WHO reform is needed: public health experts

Speaking at the Reuters Next conference, British epidemiologist Neil Ferguson, Sweden's state epidemiologist Anders Tegnell and Chikwe Ihekweazu, the head of Nigeria's Centre for Disease Control, said the United Nations health agency had faced difficulties in leading a global response to the pandemic.

"We need to reflect on how the global architecture can be improved," Ferguson said, including a need to rethink "the governance of organizations such as the WHO."

"One of the challenges it faces is being truly independent," he said. "Typically, it is influenced by big states. Historically that has been western countries like the United States, and now it's very much China as well - and that can sometimes prove challenging in situations like the last year."

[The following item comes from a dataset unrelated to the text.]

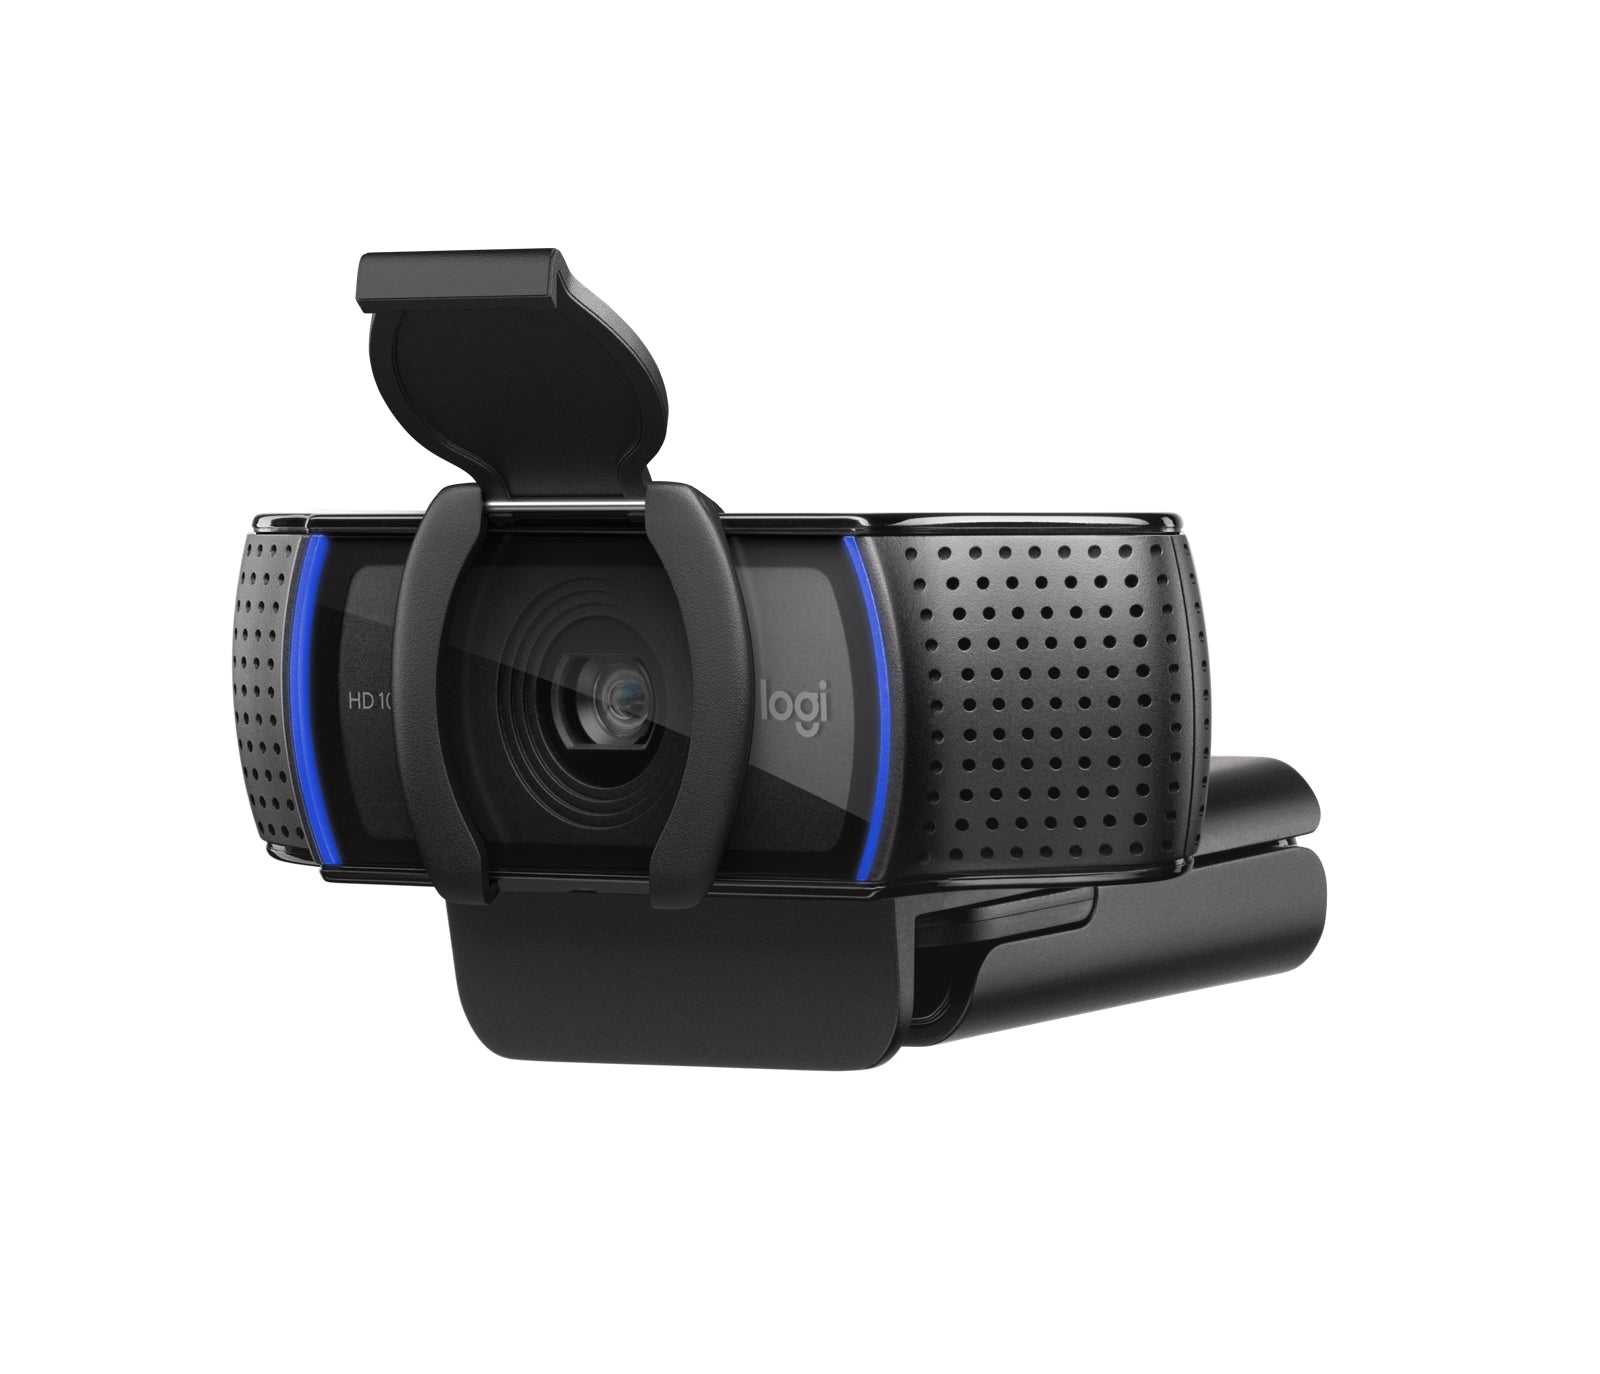 Webcam Logitech C920S 720P Vídeo Full Hd 1080P Más Rápido Y Fluido Videoconferencias Audio Estéreo Natural (Dos Micrófonos)

Many governments around the world, including in the United States, Australia and the European Union, have called for the WHO to be reformed or restructured amid criticism of its response to the COVID-19 outbreak.

The WHO has been rocked by a decision last year by the United States to halt its funding and has been accused of being too close to China in the first phase of the pandemic, when critics say Beijing was slow in sharing crucial information on the new coronavirus which first appeared in the city of Wuhan.

The WHO has repeatedly dismissed such accusations, and China insists it has been open and transparent.

Speaking on the same Reuters Next conference panel, Sweden's Tegnell said that in his view, "this crisis compared to many of the crises in the last decade has become a lot more politicized."

"That has made the WHO's role a lot more difficult," he said.

Nigeria's Ihekweazu said he hoped the year ahead would see the world work together more closely to tackle the pandemic, particularly in improving equitable access to vaccines designed to prevent the disease.